• **Dataset entries**
########################################

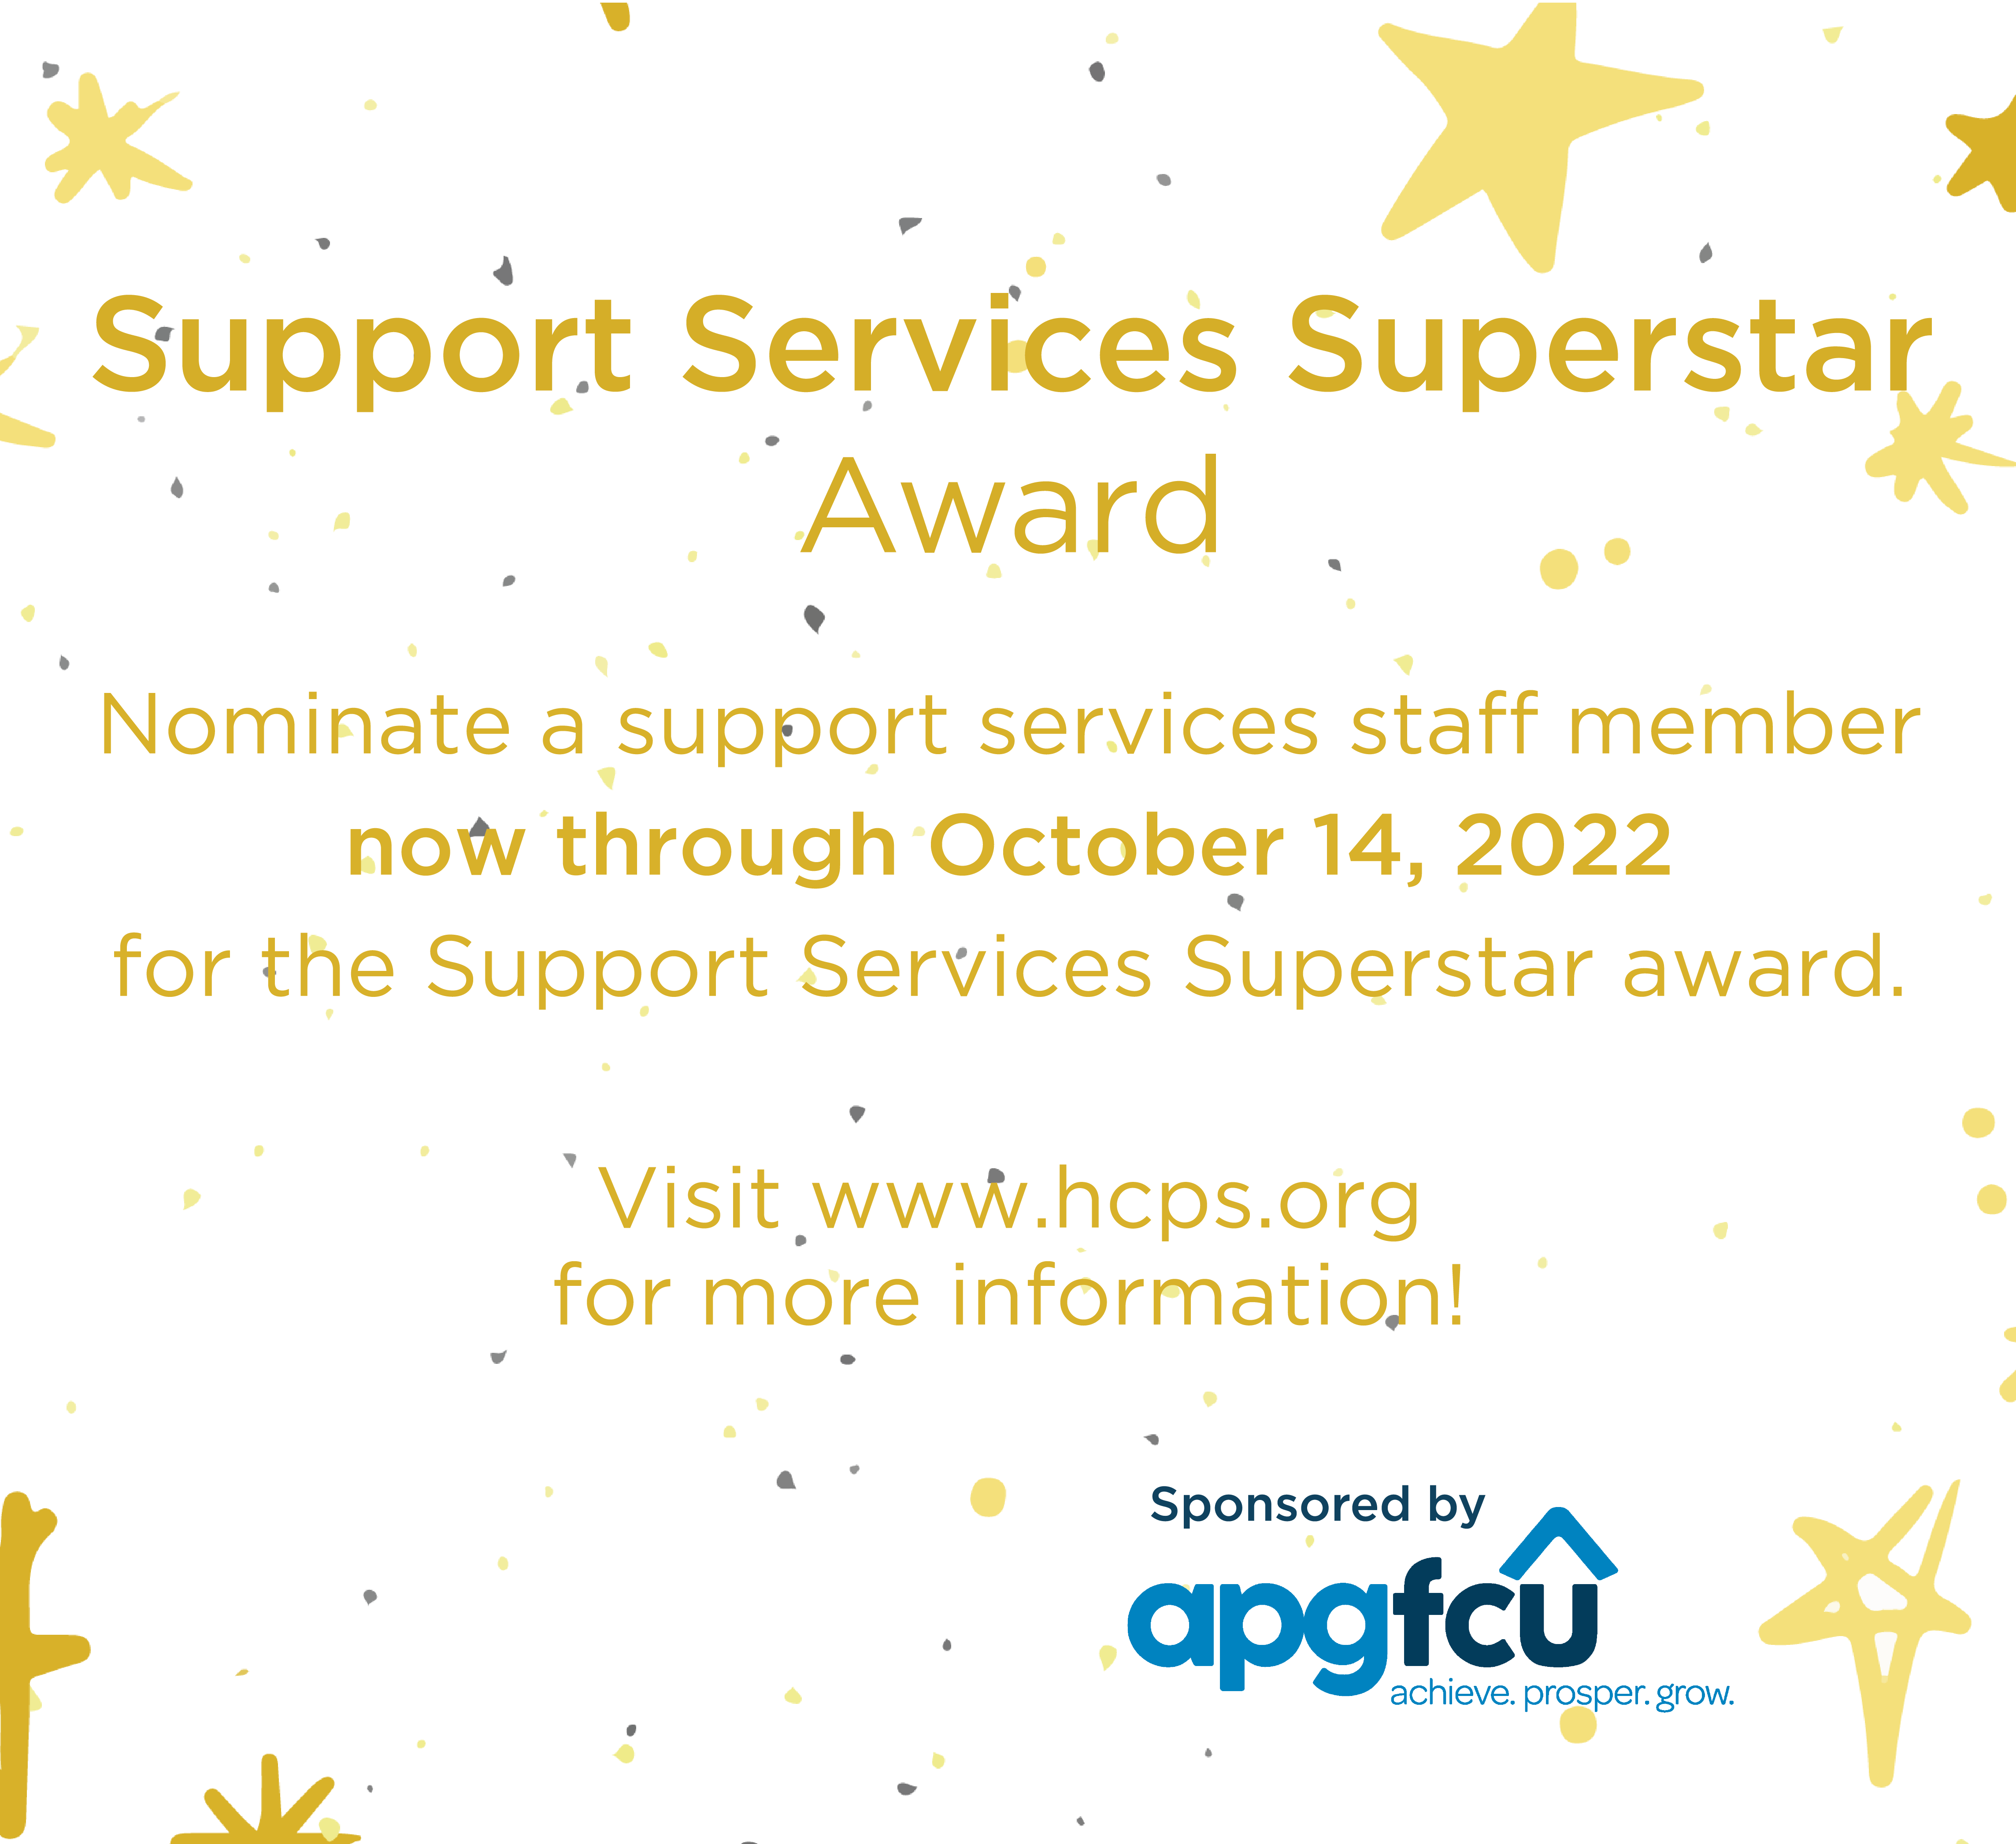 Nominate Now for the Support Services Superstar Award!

########################################

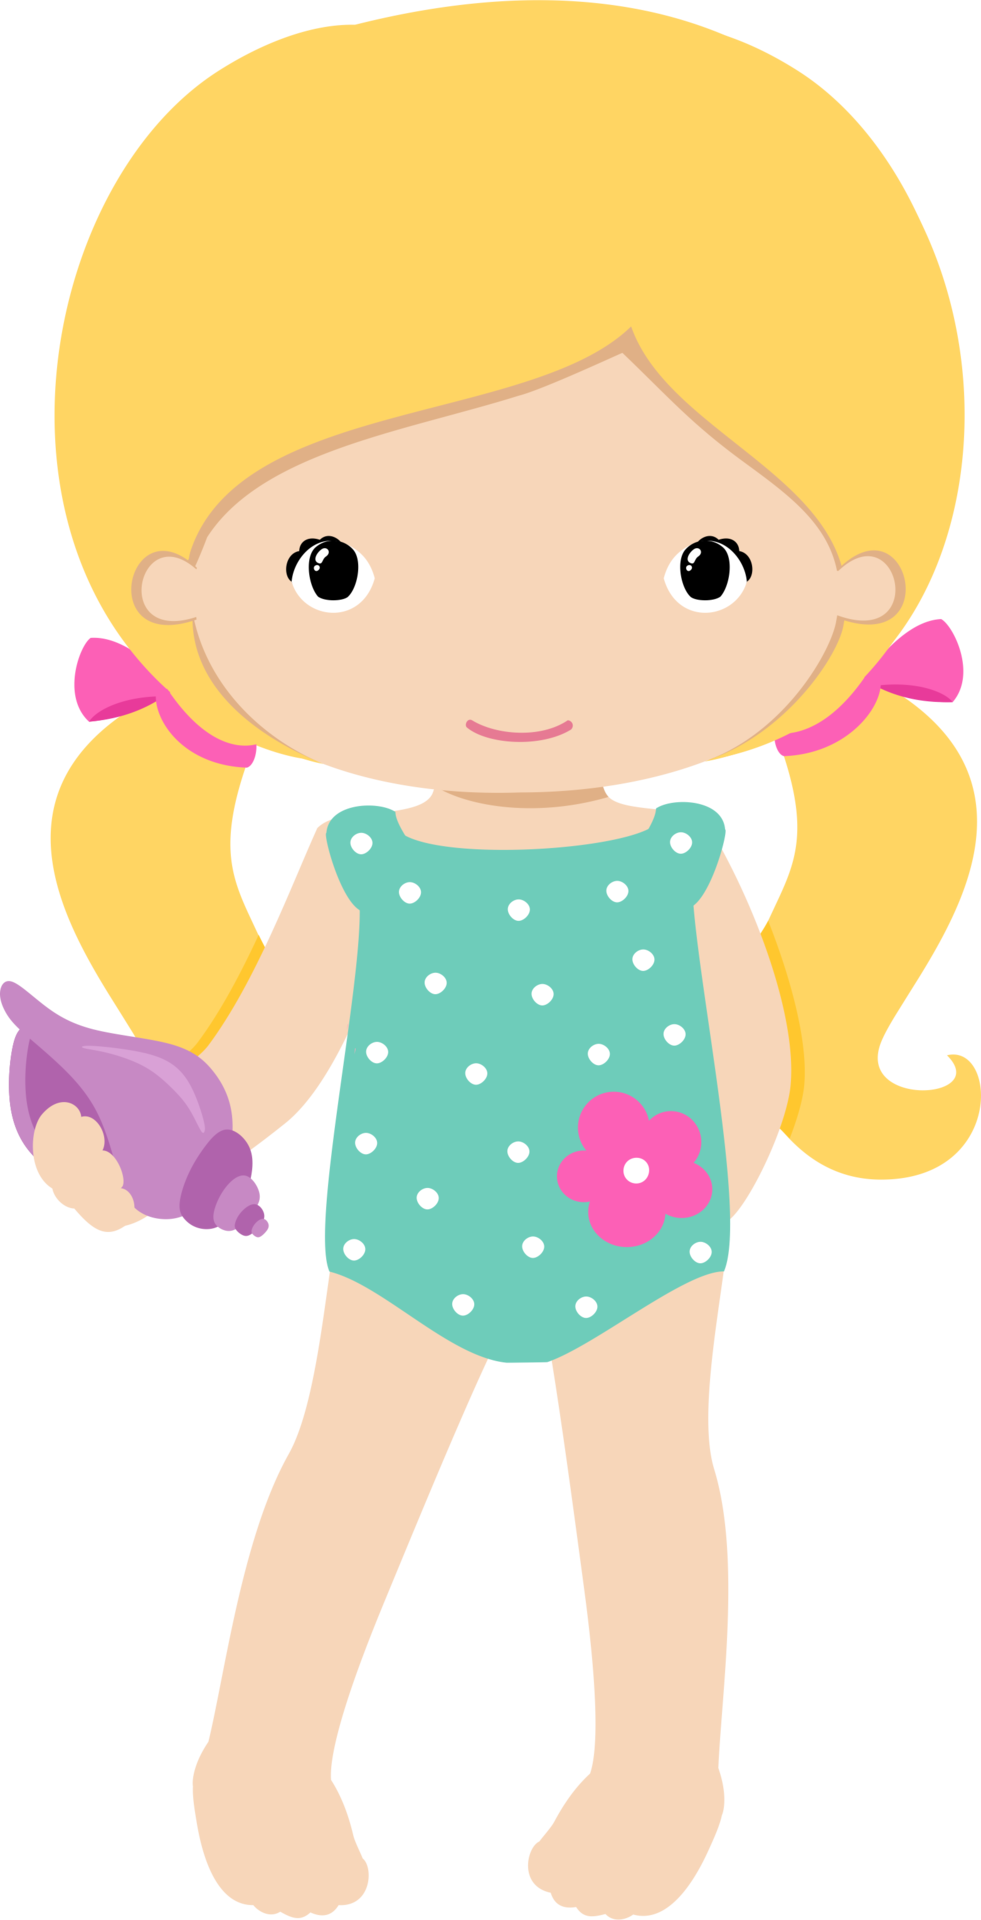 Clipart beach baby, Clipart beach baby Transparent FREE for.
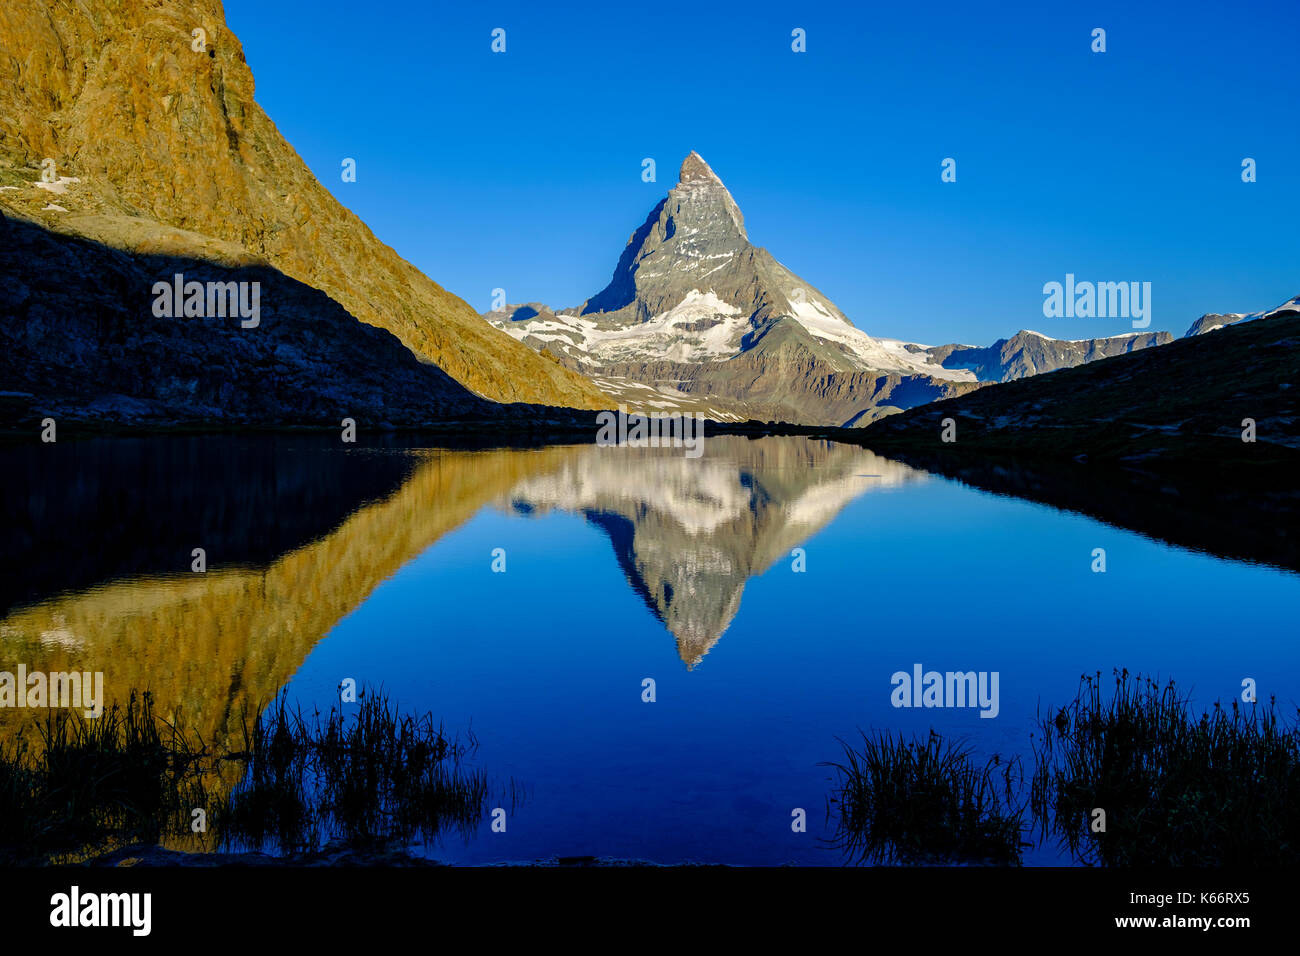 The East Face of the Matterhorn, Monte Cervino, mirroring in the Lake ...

########################################

• **Your instructions**
Please copy the lines above exactly, starting at the line that holds "Clipart beach baby, Clipart" and ending at the line that holds "The East Face"; include both, but no pictures.

• **Written solution**
 Clipart beach baby, Clipart beach baby Transparent FREE for.
 The East Face of the Matterhorn, Monte Cervino, mirroring in the Lake ...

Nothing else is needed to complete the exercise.